In the case of Beaver v. Licking Valley Local School Dist. Bd. of Edn., 2015-Ohio-4557, a court upheld a student’s suspension and expulsion. The student appealed the discipline alleging multiple procedural violations in the suspension/expulsion process including: (1) the notice of expulsion only referenced one public agency that works toward improving student attitudes and behavior, with no contact information, and did not list any private agencies; (2) the notice of expulsion was not addressed to the student; and (3) the superintendent held the expulsion hearing less than three school days after the notice of intent to expel was given.
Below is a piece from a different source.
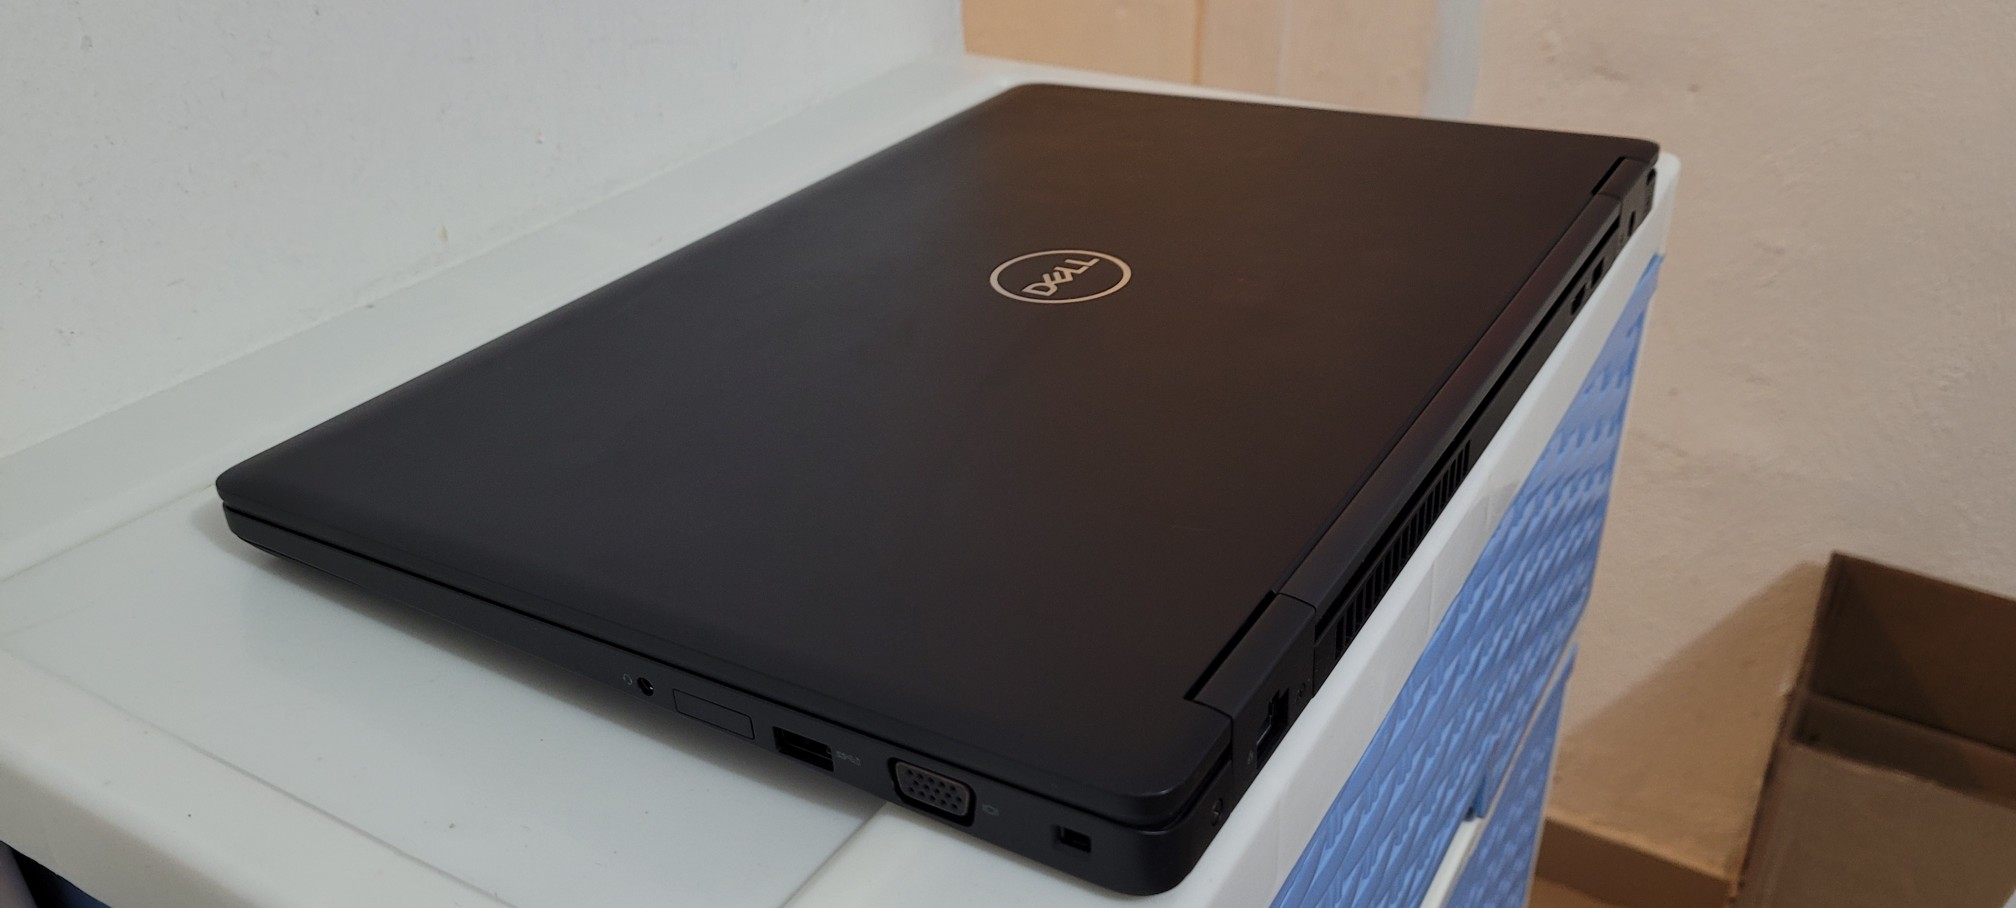 computadoras y laptops - Dell 5580 17 Pulg Core i5 7ma Gen Ram 12gb DDR4 Nvidea mx940 2gb Dedicada 2

The court rejected each of these claims holding that (1) R.C. 3313.66(D) does not require a school district to list more than one agency that works toward improving those aspects of the pupil’s attitudes and behavior that contributed to the incident that gave rise to the pupil’s expulsion and the omission of the agency’s contact information did not impact the student’s rights even though the contact information is required to be included by law; (2) pursuant to R.C. 3313.66(D), the notice of expulsion need only be provided to the parent, custodian, or guardian – it is the notice of intent to expel that must be sent to both the student and guardian; and (3) because the school year ended before the third school day, the superintendent was not required to wait until the next school year to hold the expulsion hearing.
This case should serve as a reminder to school officials that even minor procedural errors in the suspension and expulsion process can result in administrative appeals and challenges. In this case, it appears that the court was willing to overlook any alleged procedural deficiencies in order to uphold the discipline – perhaps because the student, who already had an extensive discipline history, called his teacher a “f*%ng b&$ch.” Future disciplinary appeals may not involve students as unsympathetic as this one.